INSTRUCTIONS TO FOLLOW :: Please list all lines of the material below in which the string "dans" occurs.

DATASET EXCERPTS ::

============

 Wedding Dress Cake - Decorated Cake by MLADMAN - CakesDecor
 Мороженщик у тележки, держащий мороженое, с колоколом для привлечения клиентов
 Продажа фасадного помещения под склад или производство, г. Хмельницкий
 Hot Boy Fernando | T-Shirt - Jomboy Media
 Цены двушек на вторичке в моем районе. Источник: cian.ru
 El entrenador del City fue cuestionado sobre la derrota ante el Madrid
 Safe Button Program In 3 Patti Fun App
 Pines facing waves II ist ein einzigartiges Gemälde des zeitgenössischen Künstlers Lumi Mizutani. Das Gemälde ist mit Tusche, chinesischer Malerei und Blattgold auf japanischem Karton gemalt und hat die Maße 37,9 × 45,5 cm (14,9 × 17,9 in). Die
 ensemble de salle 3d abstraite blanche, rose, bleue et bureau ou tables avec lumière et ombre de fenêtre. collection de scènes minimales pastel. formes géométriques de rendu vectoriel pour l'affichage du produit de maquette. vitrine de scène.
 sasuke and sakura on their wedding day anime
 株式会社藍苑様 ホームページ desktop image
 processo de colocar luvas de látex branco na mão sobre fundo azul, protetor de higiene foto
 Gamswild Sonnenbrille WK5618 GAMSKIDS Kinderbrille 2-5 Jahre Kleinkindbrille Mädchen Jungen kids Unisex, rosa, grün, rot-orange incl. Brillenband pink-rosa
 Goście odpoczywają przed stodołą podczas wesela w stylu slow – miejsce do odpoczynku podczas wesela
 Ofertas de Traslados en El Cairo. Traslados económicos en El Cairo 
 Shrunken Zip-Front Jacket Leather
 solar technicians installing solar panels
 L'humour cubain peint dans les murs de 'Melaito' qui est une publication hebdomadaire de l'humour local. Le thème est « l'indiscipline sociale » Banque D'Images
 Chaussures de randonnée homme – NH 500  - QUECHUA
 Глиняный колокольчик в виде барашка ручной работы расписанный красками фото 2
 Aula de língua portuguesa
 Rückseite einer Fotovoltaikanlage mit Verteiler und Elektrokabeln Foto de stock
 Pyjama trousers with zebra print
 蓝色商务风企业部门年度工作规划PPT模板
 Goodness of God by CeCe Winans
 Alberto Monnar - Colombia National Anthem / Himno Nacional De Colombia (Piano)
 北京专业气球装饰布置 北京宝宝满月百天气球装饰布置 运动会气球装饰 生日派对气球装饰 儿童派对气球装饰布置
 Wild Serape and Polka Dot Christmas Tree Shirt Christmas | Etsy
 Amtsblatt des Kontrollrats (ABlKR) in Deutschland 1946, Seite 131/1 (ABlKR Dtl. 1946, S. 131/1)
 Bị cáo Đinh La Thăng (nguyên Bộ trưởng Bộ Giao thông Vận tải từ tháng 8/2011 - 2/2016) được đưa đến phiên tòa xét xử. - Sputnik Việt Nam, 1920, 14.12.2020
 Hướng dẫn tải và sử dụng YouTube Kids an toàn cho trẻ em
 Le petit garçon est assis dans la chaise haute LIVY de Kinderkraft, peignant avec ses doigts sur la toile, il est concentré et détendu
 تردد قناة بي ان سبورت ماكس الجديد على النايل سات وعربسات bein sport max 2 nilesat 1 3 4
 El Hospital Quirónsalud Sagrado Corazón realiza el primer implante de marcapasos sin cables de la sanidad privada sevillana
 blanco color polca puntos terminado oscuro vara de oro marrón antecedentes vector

============

SOLUTION TO THIS PROBLEM ::
 L'humour cubain peint dans les murs de 'Melaito' qui est une publication hebdomadaire de l'humour local. Le thème est « l'indiscipline sociale » Banque D'Images
 Le petit garçon est assis dans la chaise haute LIVY de Kinderkraft, peignant avec ses doigts sur la toile, il est concentré et détendu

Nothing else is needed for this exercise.